📜 ⬆️ ⬇️

Interesting archeology: R style guide under a magnifying glass

As you know, the code is read much more often than they write. To be able to read at least someone other than the author, and there are style guides. For R, this could be, for example, the Hadley manual.

The style guide is not just an unwritten contract of developers - behind many of the rules is a curious prehistory. Why the arrow <- better than the equal sign = , why the old-timers R do not like the underscore, how the recommended length of the line is related to the punched card, and about many other things - further.

Disclaimer: Style Guides R
Unlike Python, there is no single standard in R. Accordingly, there is no single leadership. In addition to the guide Hadley (or its extended version of the tidyverse ), there are others, for example Google or Bioconductor .

Nevertheless, the Hadley guide can be considered the most common (as built-in RStudio check , for example), which is greatly contributed by the popularity of libraries created by Hadley himself (dplyr, ggplot, tidyr, and others from the tidyverse collection).

1. The assignment operator: <- vs =


All available guides recommend using a non-standard operator <- , and not an equal sign = , familiar to other modern languages. Three other operators ( <<- , -> , ->> ) are not even mentioned (as well as existed in earlier versions := ). It would seem, why do we need this non-standard arrow?
')
History reveals maps to us: in R, the arrow came from S, which in turn inherited it from APL. In the APL language, it made it possible to distinguish assignment from equality. In R, the equality operator is standard, so the difference is different. If the arrow was an assignment operator initially, then the equal sign assigned values only to named parameters. In 2001, the equal sign became the assignment operator, but it never became synonymous with the arrow.

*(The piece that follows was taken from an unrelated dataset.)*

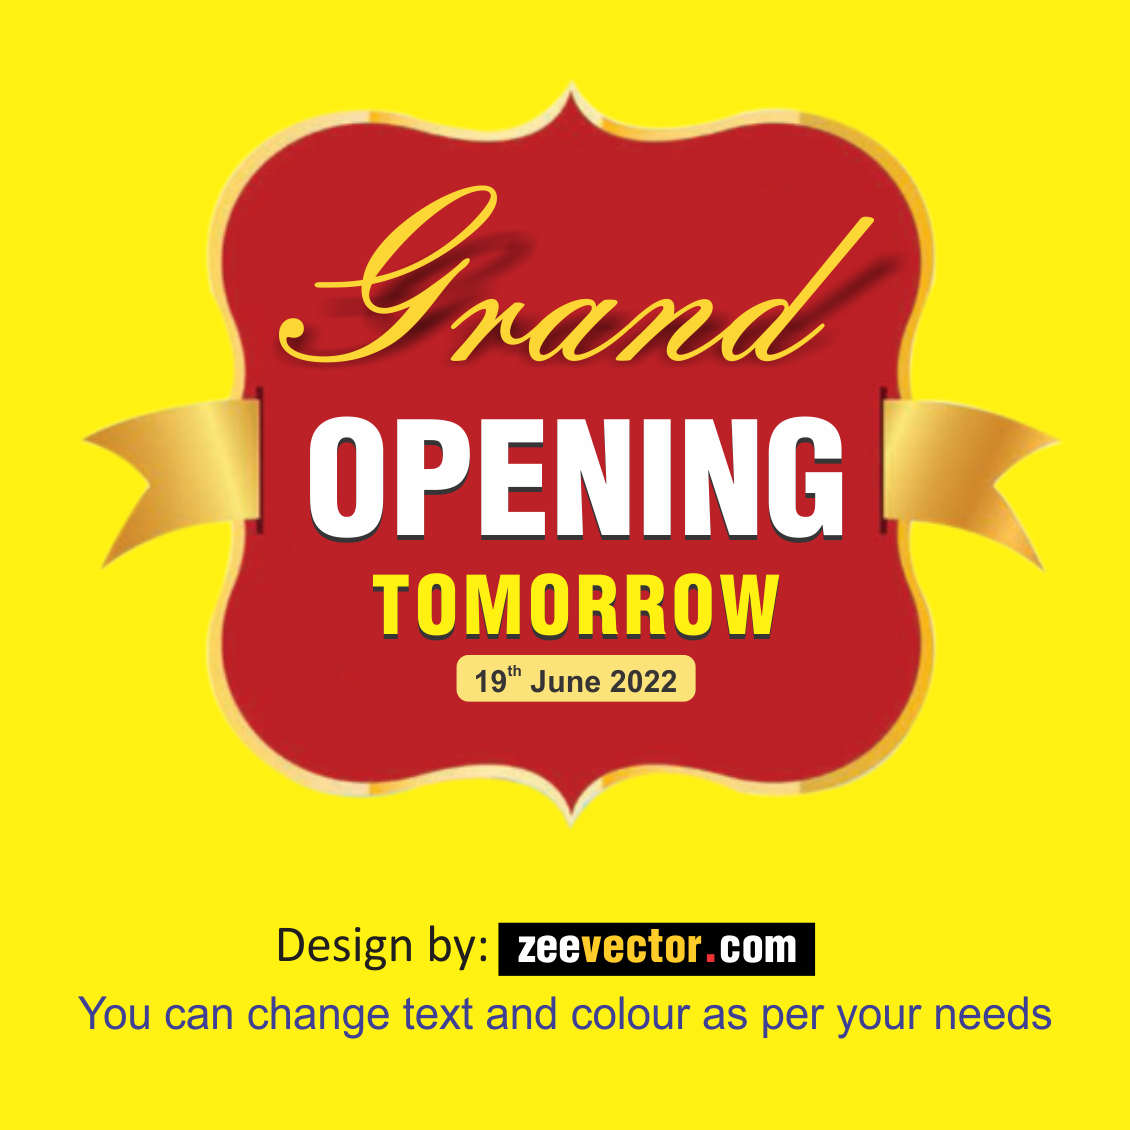 Grand Opening Ceremony invitation card template. 19626506 Vector

What, then, can be considered = full replacement of the arrow? First of all, = how the assignment operator works only at the top level. For example, inside the function everything will work as before:

 mean(x = 1:5) # [1] 3 x # Error: object 'x' not found mean (x <- 1:5) # [1] 3 x # [1] 1 2 3 4 5 

Here = only specifies the parameter of the function, while <- also assigns the value to the variable x. We can achieve the same effect by putting the assignment operation in parentheses (no, it's still not Lisp) :

 mean ((x = 1:5)) # [1] 3 x # [1] 1 2 3 4 5 

... or in braces:

 mean ({x = 1:5}) # [1] 3 x # [1] 1 2 3 4 5 

In addition, the arrow takes precedence over the equal sign:

 x <- y <- 1 # OK x = y = 2 # OK x = y <- 3 # OK x <- y = 4 # Error in x <- y = 4 : could not find function "<-<-" 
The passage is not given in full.